Pregnant Dog Nutrition

When it comes to the changes in diet at different life stages, we can't overlook the importance of pregnancy. In order to keep the expecting mother and her puppies healthy, you'll need to provide her with a special diet. Pregnant dogs gain about 20 to 50 percent of their normal weight during pregnancy, but this weight gain usually doesn't begin until the fourth week. So, that's around the time you should start feeding her more food than usual. Keep in mind that if she's carrying a big litter, there'll be less room for food, so this will require more frequent, smaller meals to keep up with her needs.

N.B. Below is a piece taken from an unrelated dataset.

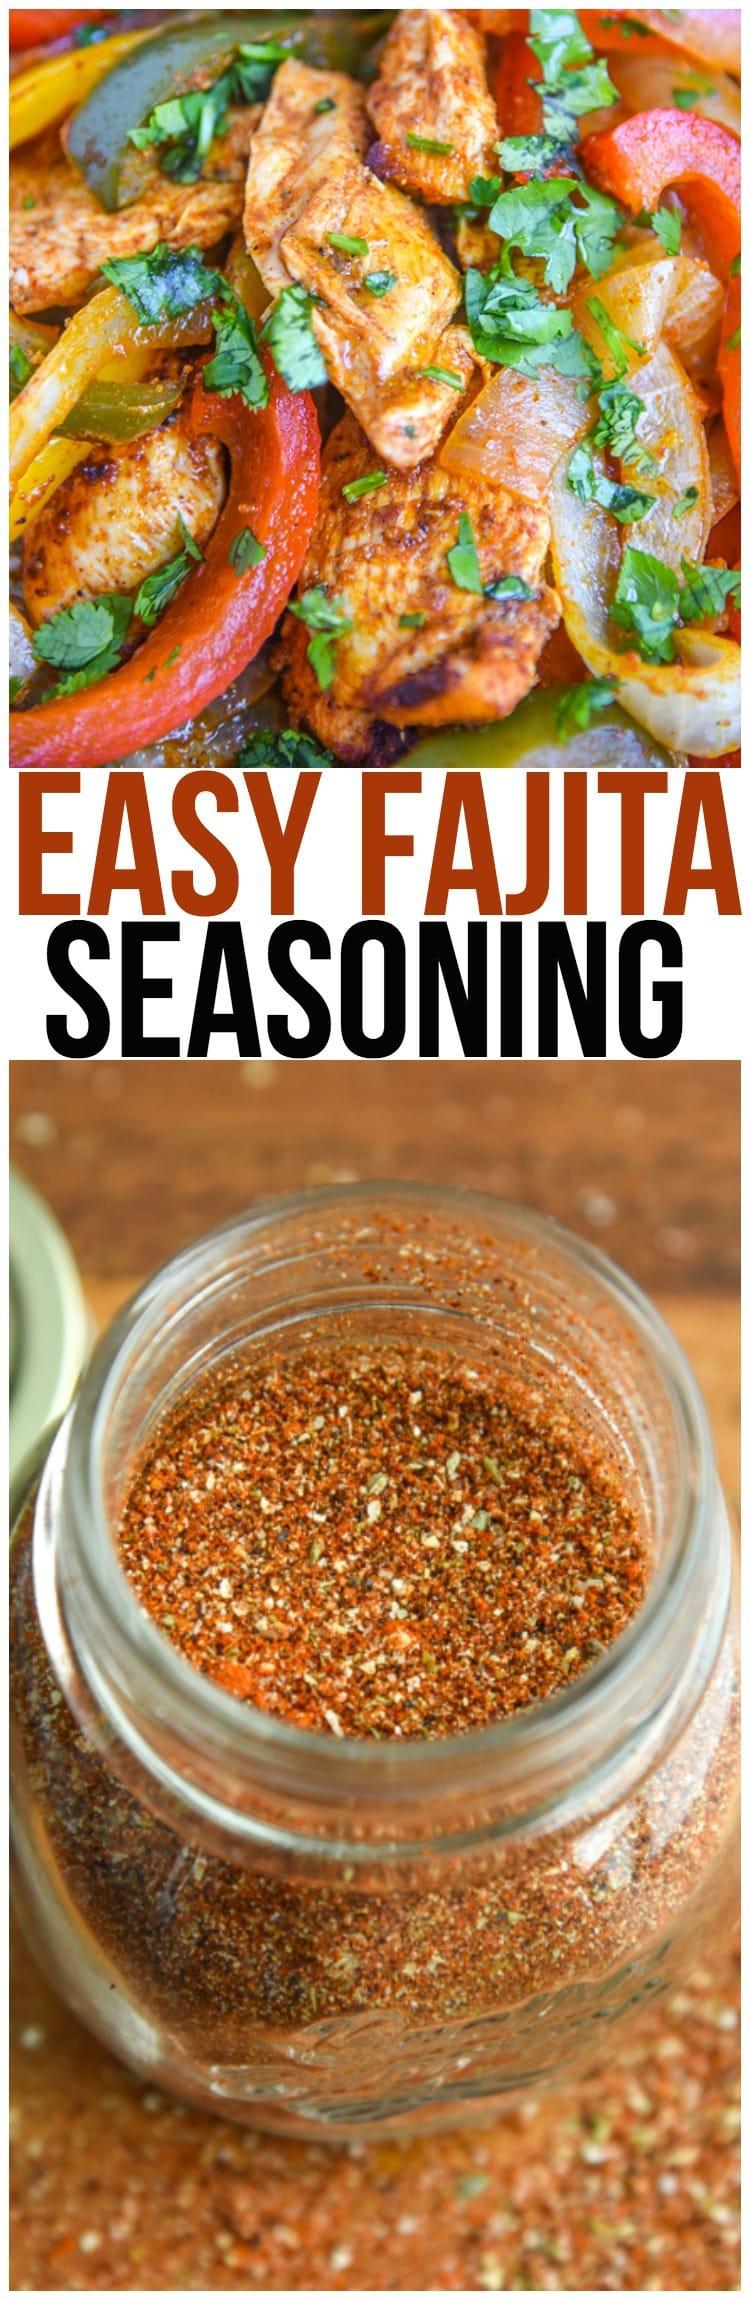 Make your own homemade fajita seasoning recipe instead of using a seasoning packet! It's perfect for chicken fajitas, steak fajitas, shrimp fajitas, or even vegetarian fajitas.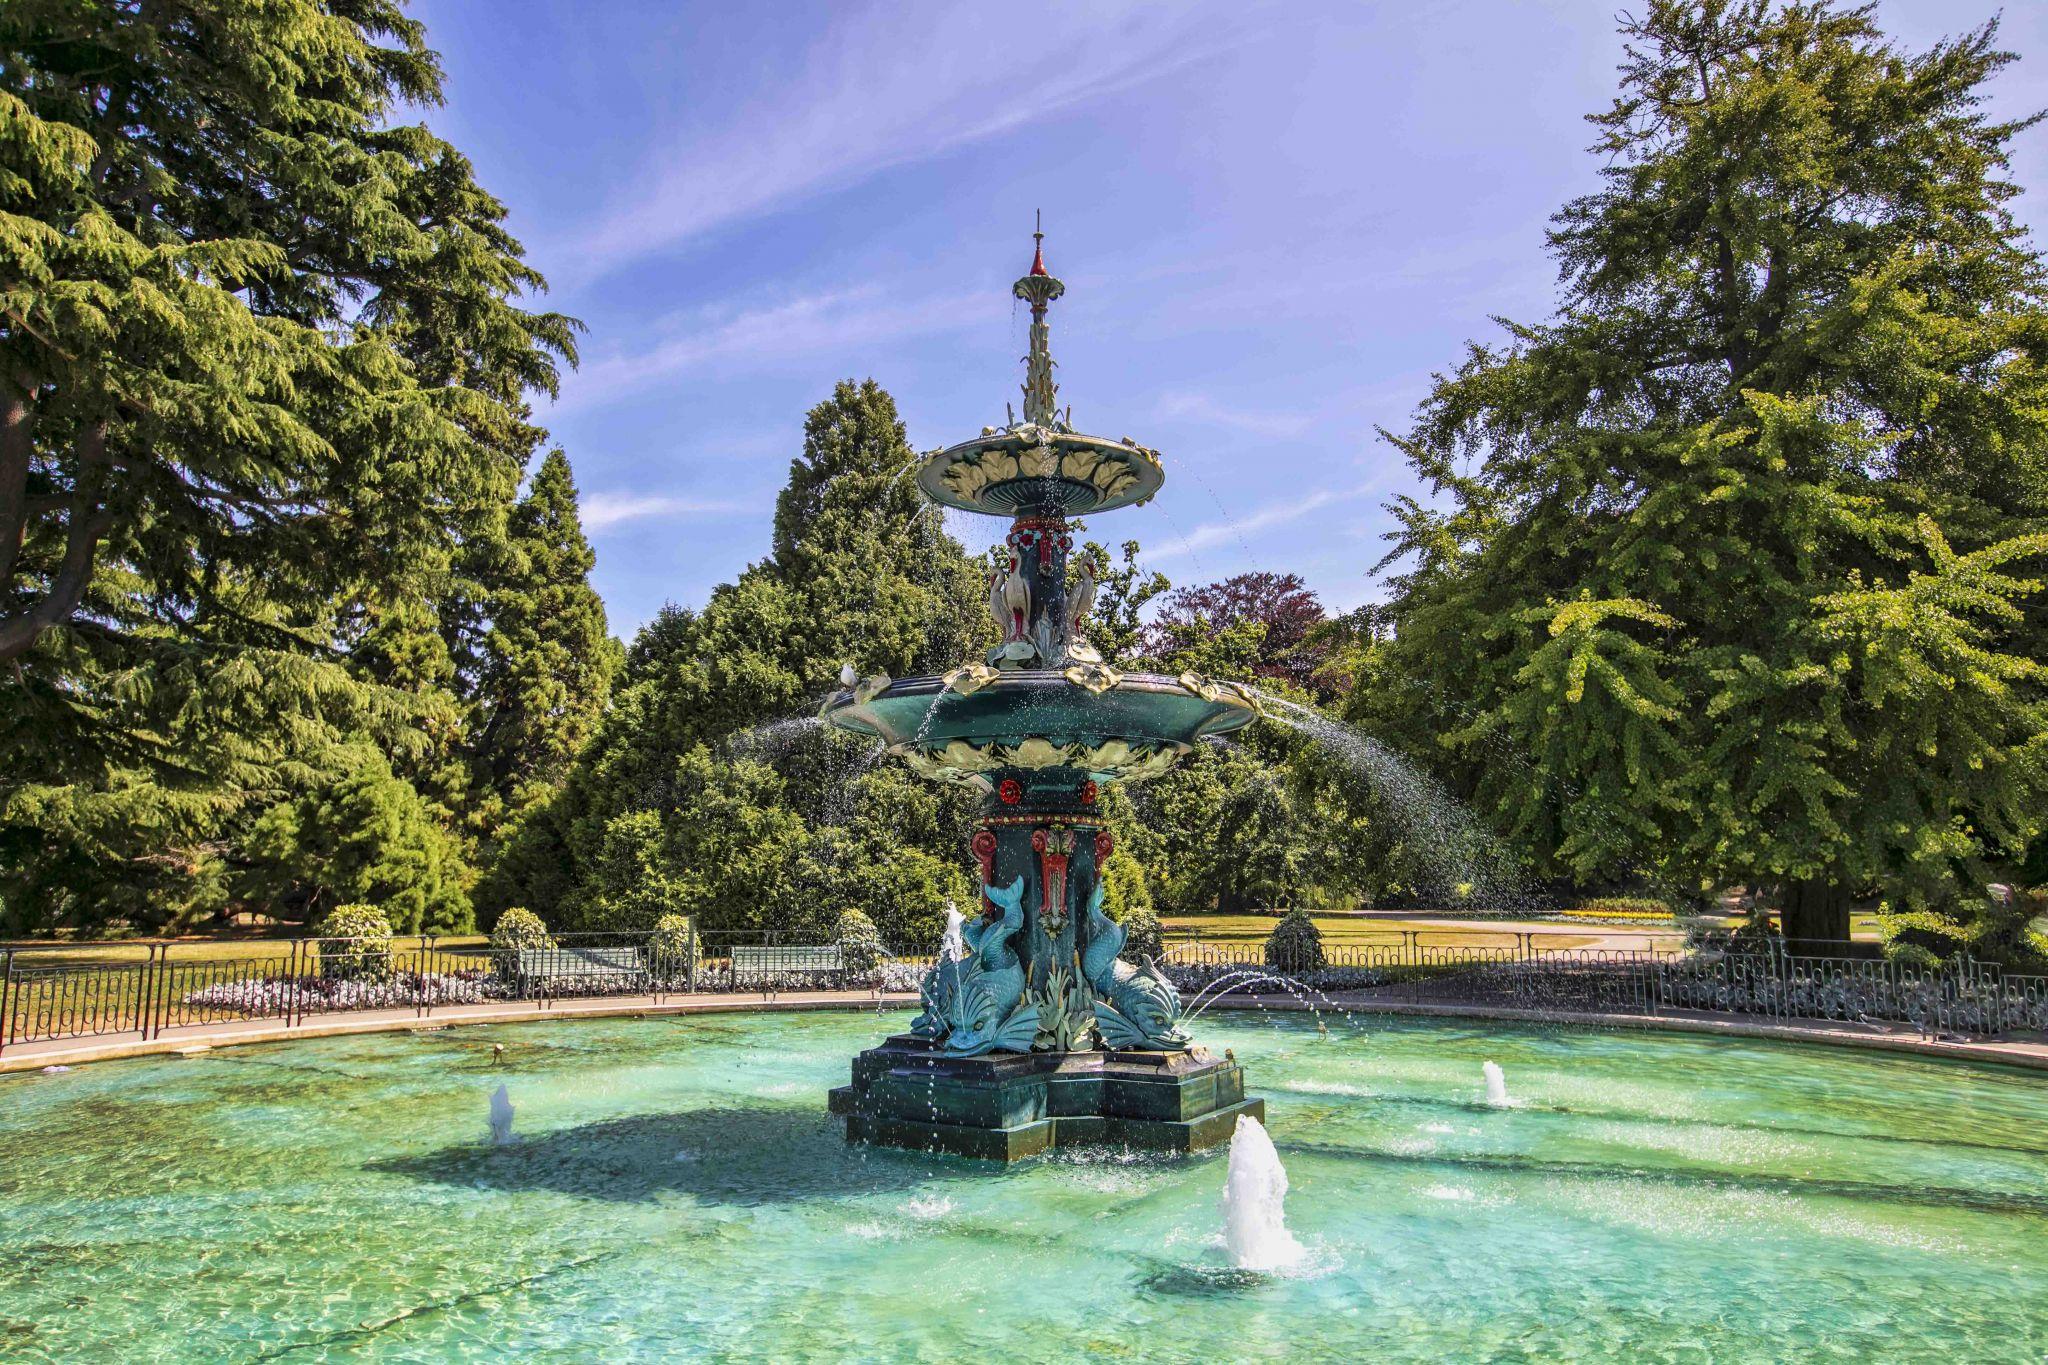 Peacock Fountain at Christchurch Botanic Gardens, New Zealand

Specifically, she'll need about a third more food than usual at the fourth week [source: Olson]. Meanwhile, as the pregnancy progresses, the amount of food she needs will only increase.

One of the most important elements of the dog's pregnancy diet is high-quality protein -- that is, protein that is easily digestible and provides the right amounts of all the essential amino acids. If you use dry dog food, it should contain around 27 percent protein (because it has water, the equivalent for canned is only 8 percent) [source: Rice]. This protein will work toward forming healthy, strong tissue in the developing puppies while in utero. Some experts recommend vitamin and mineral supplements during pregnancy, but you should talk to your vet before starting these.

The special dietary needs don't end with birth. Remember that a lactating dog still has to provide all the nutrients to her young puppies outside of the womb for about four to six weeks. In fact, she may need even more food than when she was pregnant. The best diet is one rich in animal protein and fat. These will help her with milk production.